While many small funders maintain niche or industry-specific practice areas, or in some cases take a regional approach, the industry is now seeing some of these smaller funders join forces to improve their product offering and widen their potential consumer-base. In a press release this Monday, it was announced that Ardec Funding, LawCash and Momentum Funding would be joining forces to operate under a new unified brand: Cartiga. The firm aims to bring the unique attributes of each firm to offer consumer legal funding and attorney funding, built on a foundation of proprietary data and technology assets, and a focus on maximising the customer experience. CEO of the newly-formed Cartiga, Charlie Platt, said that the new funder puts just as much emphasis on providing its clients with the right technology and data analytics tools as it does on providing the raw capital. By doing so, the company hopes to provide attorneys with the resources they need to select the right types of cases, and then see those proceedings through to a successful conclusion.

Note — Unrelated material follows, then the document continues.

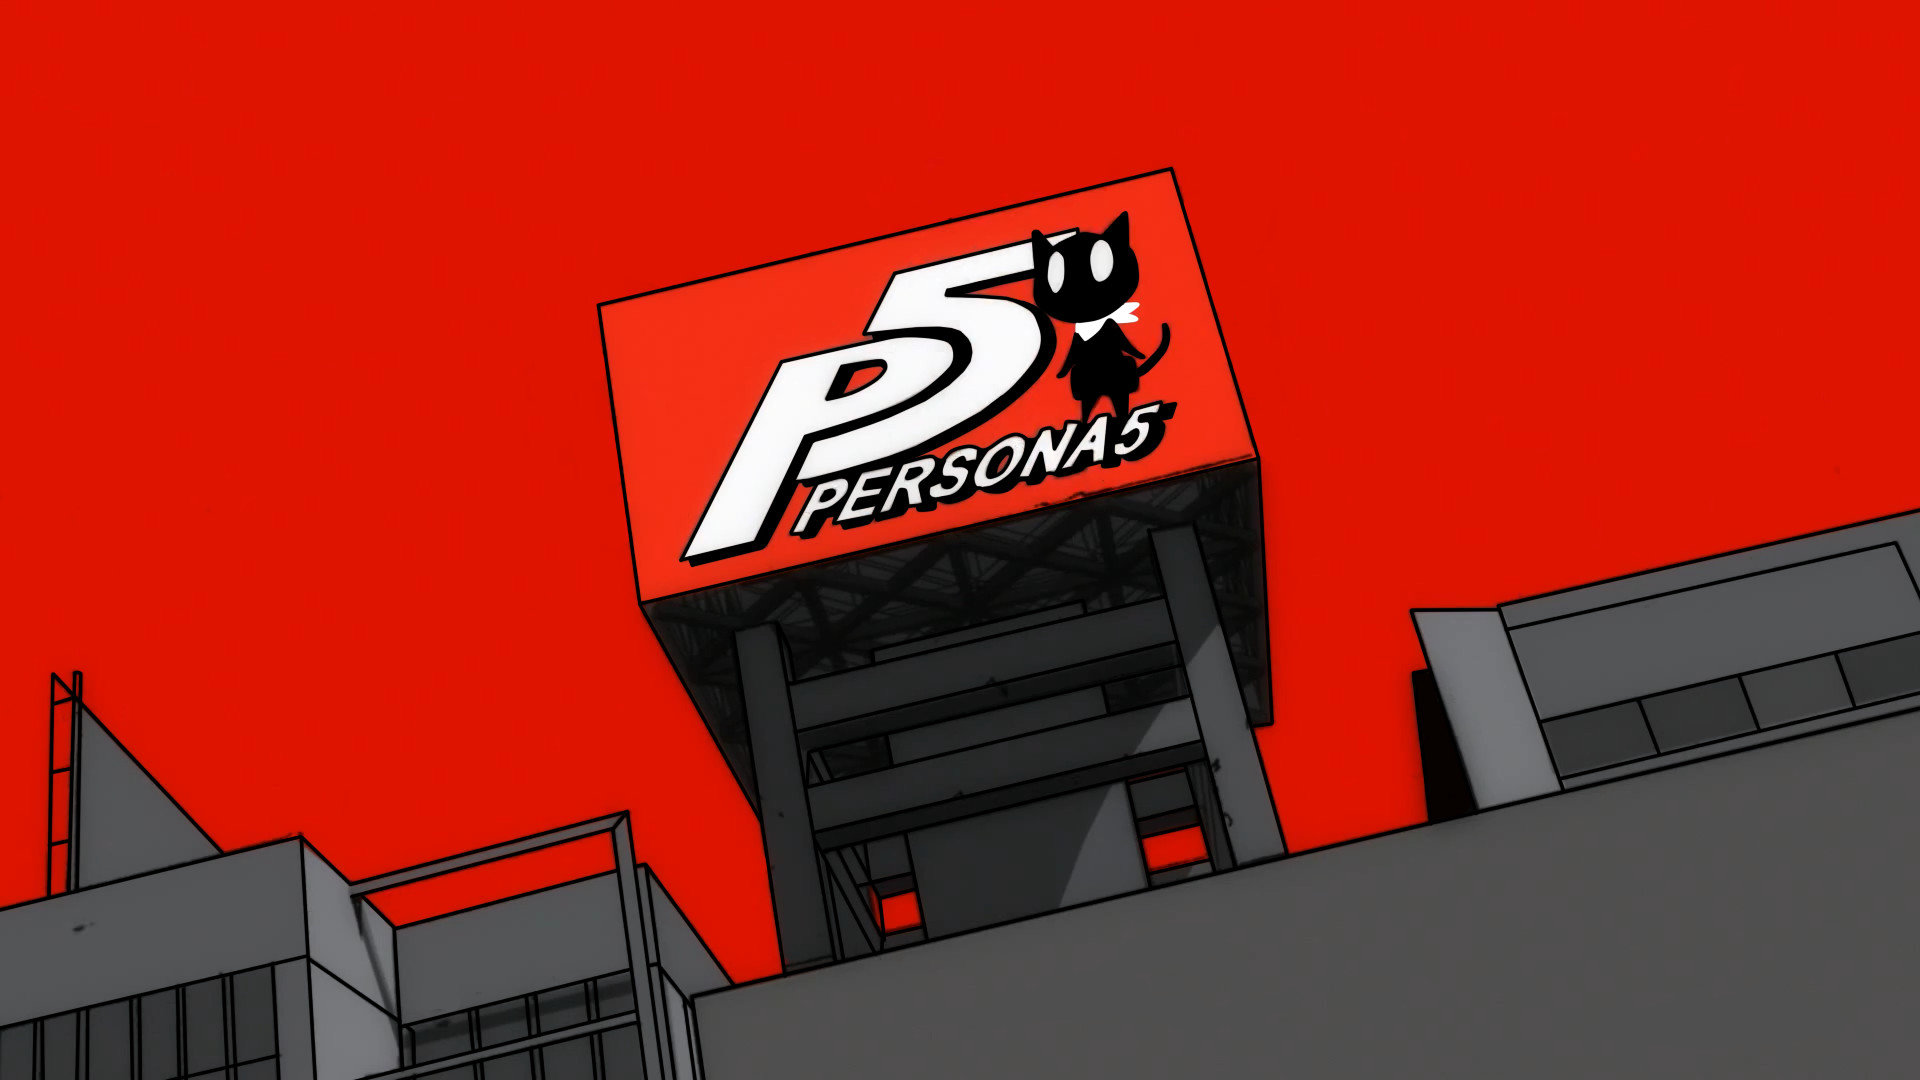 Awesome Persona 5 free wallpaper ID:110887 for hd 1920x1080 desktop

UK Funder Supports Future Growth with New Hires

Following on from reporting last week that AxiaFunder, one of the UK’s fast-growing firms, was seeing success with its latest product offering, the funder has now announced two new hires to bolster its team. In an article by Peer2Peer Finance News, AxiaFunder announced the hiring of Anthony Berry and Noor Khadim, as senior case assessors who will join Michael Lent in the firm’s case assessment team. Berry brings over 20 years of experience in the legal services and insurance industry, while Khadim has previously worked as a partner at Armstrong Teasdale, and has experience as an expert legal consultant on arbitration for the U.S. Department of Commerce. CEO and founder of AxiaFunder, Cormac Leech, highlights the success of the firm’s track record as a key driver for its growth, noting that to date they have lost no claims. Leech also stated that the firm expects to reach profitability in the fourth quarter, with future growth looking strong.